Sponsored by the South Carolina Commission for Minority Affairs, the third of 13 town meetings was held at Scott's Branch High School to address the educational needs of children.

"By reaching out to these communities, we are hoping to build a grassroots network that will support the work of the commission as we complete our study on education and community outreach programs, promote the Education and Economic Development Act of 2005, advocate for increased parental involvement in education and support legislation that improves education for all," Aisha Staggers, the commission's program coordinator for African-American Affairs, said in a prepared statement. "Ultimately, this network will be the driving force for change in South Carolina."

Staggers acted as facilitator of the two-hour roundtable discussion with panelists Dr. Rose Wilder, superintendent of Clarendon 1 schools, Santee-Lynches Regional Council of Governments Executive Director Jim Darby, Sumter County Sheriff Anthony Dennis, Clarendon 1 Board Chairman John D. Bonaparte, the Rev. Dr. William T. Johnson, pastor of Taw Caw Missionary Baptist Church and Ben Boozer with Clemson University Extension Service.

"How well are we preparing our children to compete in the global economy and in South Carolina's work force?" staggers asked the panelists. "Are we investing our resources early enough to ensure that all children excel in their educational experience? And provided that all things are truly equal at school, is that enough to save our children from poverty and deprivation?"

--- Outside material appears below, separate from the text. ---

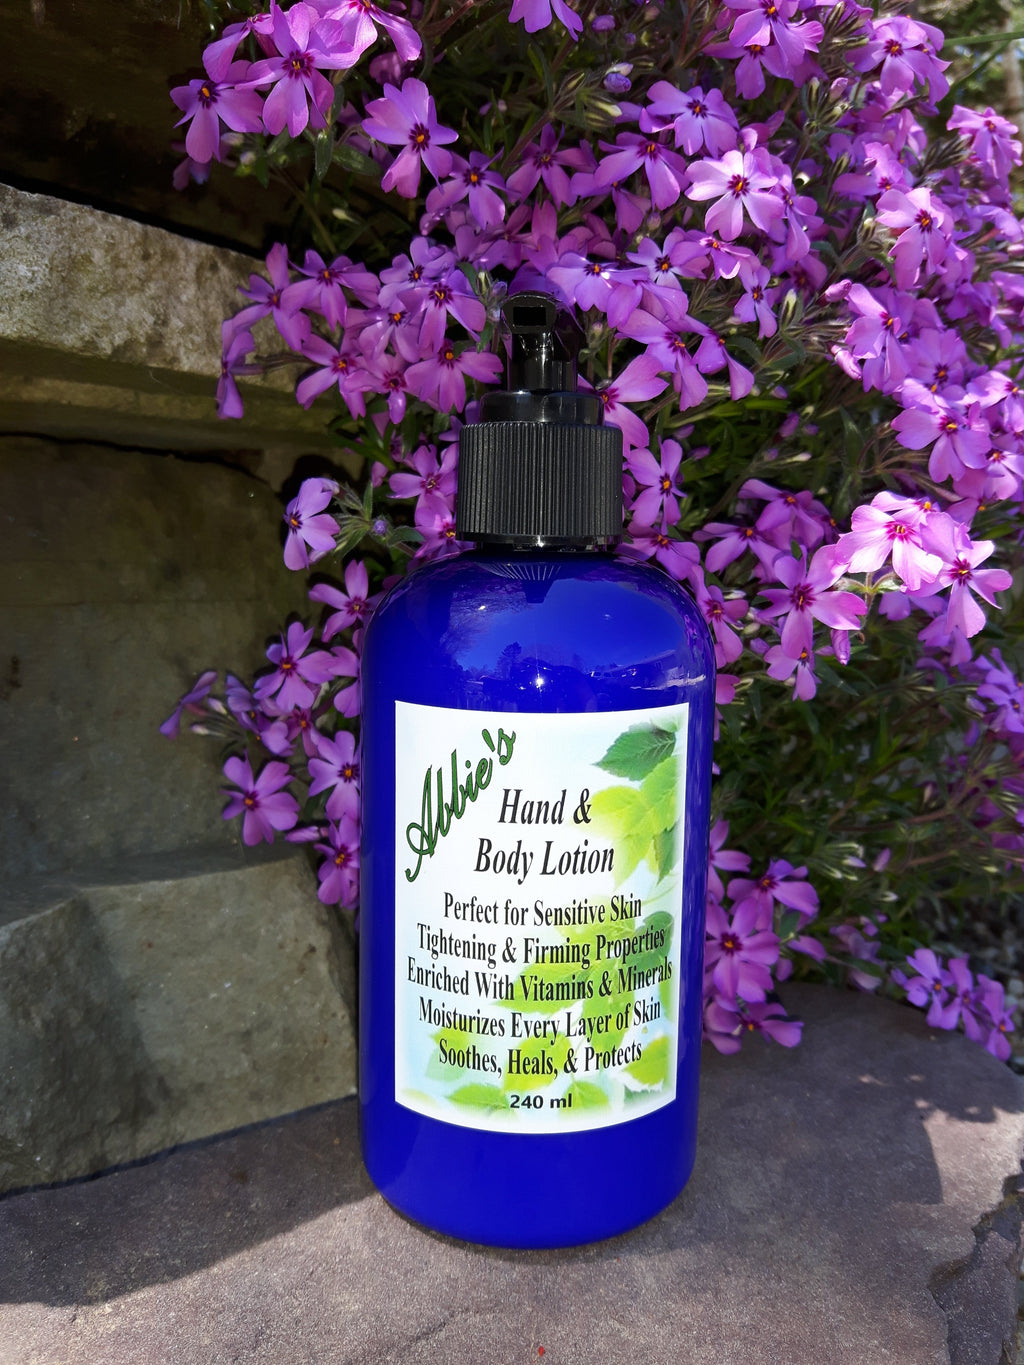 Hand & Body Lotion 240ml - Abbie's Natural Skin Care Products

The consensus was that poverty is not the lone reason the educational needs of the children in the district are not being met.

Wilder said parents need to begin preparing children for pre-K before they reach the age of 1.

"From zero to 3 years of age is vital," Wilder said. "The brain is like a sponge and we're not doing what we should between the ages of zero and 3."

"The community needs to grab the bull by the horns and come to grips with education," Boozer said. "The community needs to do more."

Bonaparte said the district needs to use test data to set the strategies in motion for improving education.

Dennis was blunt when he called for holding parents accountable for their children's education.

"Parents now are much younger," he said. "They aren't as responsible as their older counterparts. They are not being held accountable. We need to identify programs, identify parents and then hold them accountable."

Johnson said he believes the lack of education in the younger parents might be at the crux of the problem.

"Many of the children's parents maybe didn't graduate," Johnson said. "Maybe they don't understand what they need to do or how to go about getting the job done."

Wilder said "parents only come to school when they want to come."

"Parents need to meet (the district) halfway," she said. "We give our all every day. I can't ask any more of my teachers. We need to stop making excuses for certain groups."

Staggers said data from all the meetings will be compiled and the information will serve "to aid districts and communities" in their efforts to address the educational needs of their particular communities.